Mistakenly categorises :email: as SymbolNode + WordNode
Closed this issue · 1 comments
Hello! Thank you for all of your work on this package.
A short example in v4.3.0.
var inspect = require('unist-util-inspect')
var Latin = require('parse-latin')
var tree = new Latin().parse("You've got \u2709\uFE0F!")
// "You've got ✉️!"
console.log(inspect(tree))
RootNode[1] (1:1-1:15, 0-14)
└─ ParagraphNode[1] (1:1-1:15, 0-14)
└─ SentenceNode[7] (1:1-1:15, 0-14)
├─ WordNode[3] (1:1-1:7, 0-6)
│ ├─ TextNode: "You" (1:1-1:4, 0-3)
│ ├─ PunctuationNode: "'" (1:4-1:5, 3-4)
│ └─ TextNode: "ve" (1:5-1:7, 4-6)
├─ WhiteSpaceNode: " " (1:7-1:8, 6-7)
├─ WordNode[1] (1:8-1:11, 7-10)
│ └─ TextNode: "got" (1:8-1:11, 7-10)
├─ WhiteSpaceNode: " " (1:11-1:12, 10-11)
├─ SymbolNode: "✉" (1:12-1:13, 11-12) <------- This is a U+2709
├─ WordNode[1] (1:13-1:14, 12-13) <------- 😢
│ └─ TextNode: "️" (1:13-1:14, 12-13) <------- This is a U+FE0F
└─ PunctuationNode: "!" (1:14-1:15, 13-14)

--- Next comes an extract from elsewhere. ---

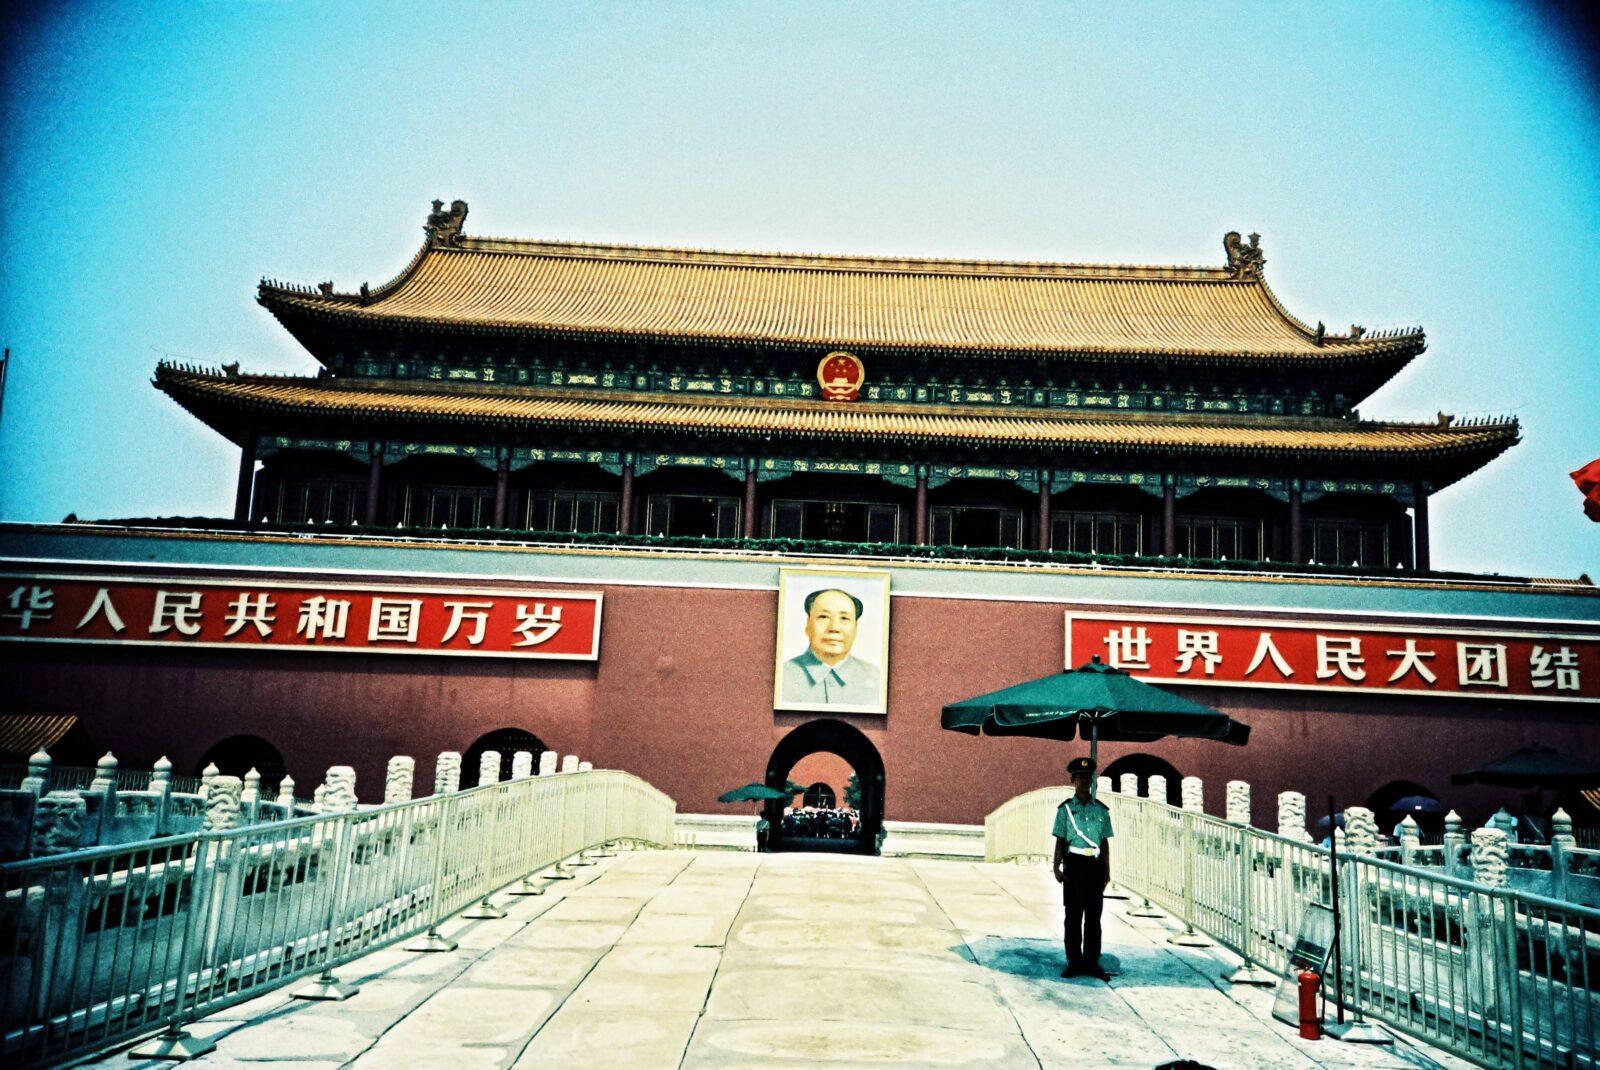 instaCDV 15 China roll11 Beijing ForbiddenCity 000019

I've traced this down from a bug I was experiencing in https://github.com/tbroadley/spellchecker-cli when I spellcheck markdown that uses the :email:
shortcode. It is flagged as a spelling mistake, due to this extra U+FE0F
. Some other emoji are affected, ones that are based on older symbols, such as ✂️ and
I had a bit of a go at fixing this but didn't get very far. I would be very grateful to if you could point me in the right direction so I can submit a PR, though if you would prefer to handle yourself I will be equally grateful!
Edit: In particular, I got stuck trying to figure out which, if any, of the modules in lib/plugin
ought to be amended to correct this behaviour.
That project uses retext to wrap this project. retext can use one of its plugins to add support for emoji (https://github.com/retextjs/retext-emoji)!